# Milk snake lighting



## Sprocket (Apr 21, 2008)

Would it be best to provide lighting in the form of Ultraviolet during the day for a milk snake as i have read that they hide because of the light ?

At present i am using a 40w spot as recommended but i never ever see the snake during the day, this is okay although i would not want to be stressing the animal when it gets a bit bigger, just wondering if it would be better to shift to ultraviolet ?

Only a small one at the moment (pueblan) but he loves to burrow, could the light be scaring him, should i change to a heat mat as the heat source ?

Cheers everyone !


----------



## LadySofia (Mar 16, 2008)

Milk snakes are nocturnal so you wouldnt see them much during the day anyway


----------



## AshMashMash (Oct 28, 2007)

They are indeed nocturnal, so dont expect him out in the day much anyway. 

If the light is the only heat source, how is it heated at night? 

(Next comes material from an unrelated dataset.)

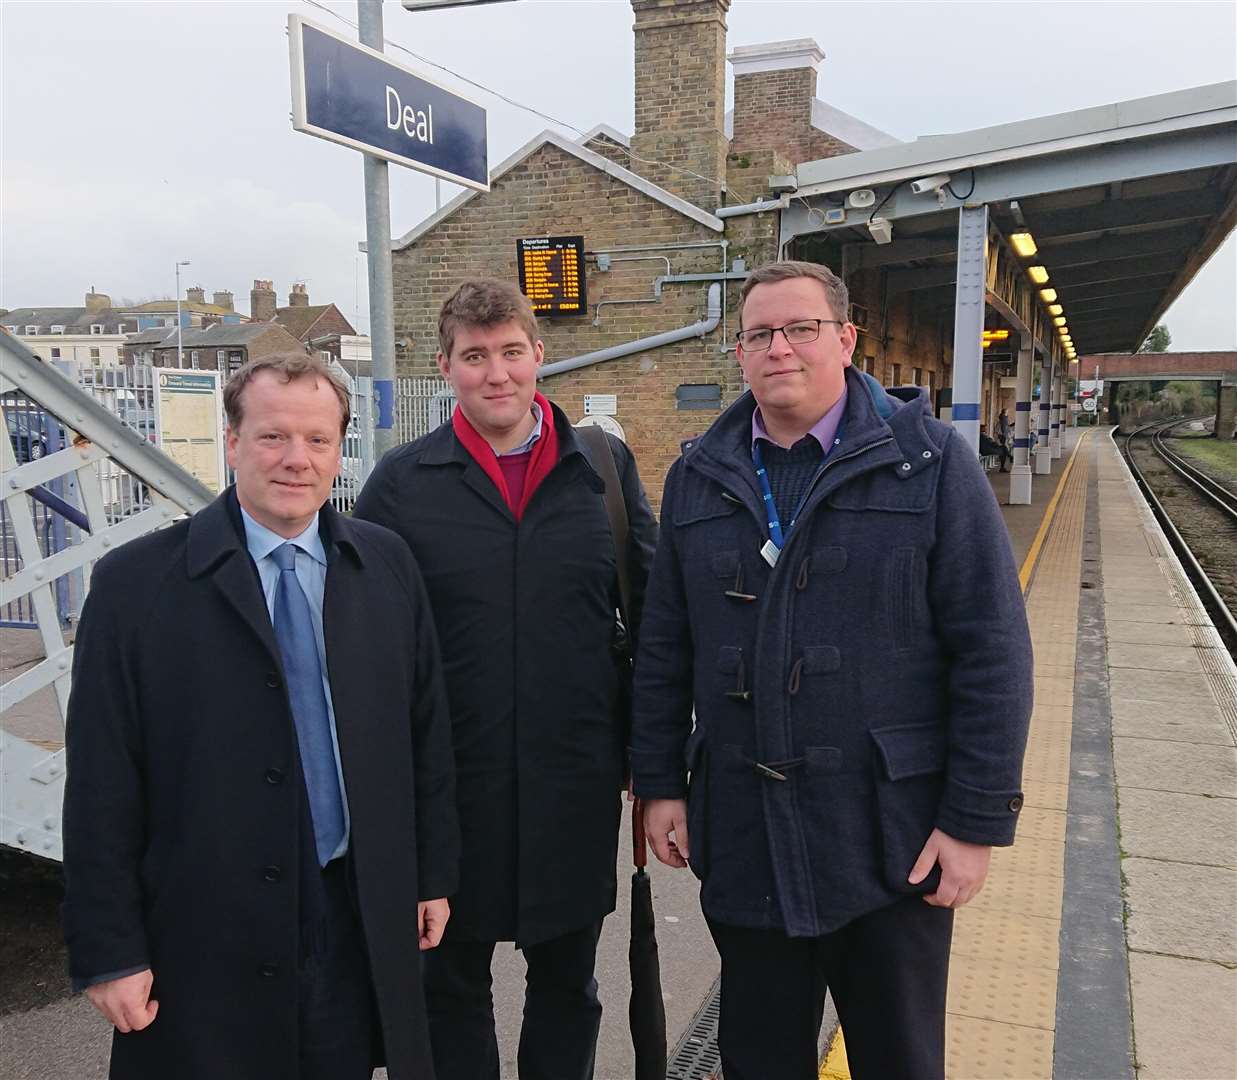 MP Charlie Elphicke with Southeastern's Chris Vinson and Deal station manager Kyle Miller

If it is not heated at night, I recommend you do, but of course not using a light bulb, but either a heat mat or ceramic bulb (which produces no light). Make sure any heat source you use for the snake is on a thermostat. 

Snakes dont need any sort of lighting (UV or otherwise), and so my personal opinion would be to scrap the bulb, and get either a heat mat or a ceramic bulb, and thermostat, and use that as the heat source : victory:

Be sure to place the thermostat probe and the thermometer probe next to each other, on the warm end on the substrate, and alter the stat until the thermometer reads the correct value (30C or so at the warm end).


----------



## Sprocket (Apr 21, 2008)

Ash, thanks for this, i have the heat mat and stat on order and they will be here tomorrow, also have a dimmer stat on order as well in case any further heating is required, maybe during winter !!!!

Thanks for the advice, do you mind me sending you any PM's in case i need any other advice ?


----------



## AshMashMash (Oct 28, 2007)

Sprocket said:


> Ash, thanks for this, i have the heat mat and stat on order and they will be here tomorrow, also have a dimmer stat on order as well in case any further heating is required, maybe during winter !!!!
> 
> Thanks for the advice, do you mind me sending you any PM's in case i need any other advice ?


Hi. Sounds excellent  Everything sounds puuurfect. I use only a heat mat for my corn, and it works fine. But if you have a dimmer stat and bulb spare, your sorted!

Yes, of course you can  no worries.


----------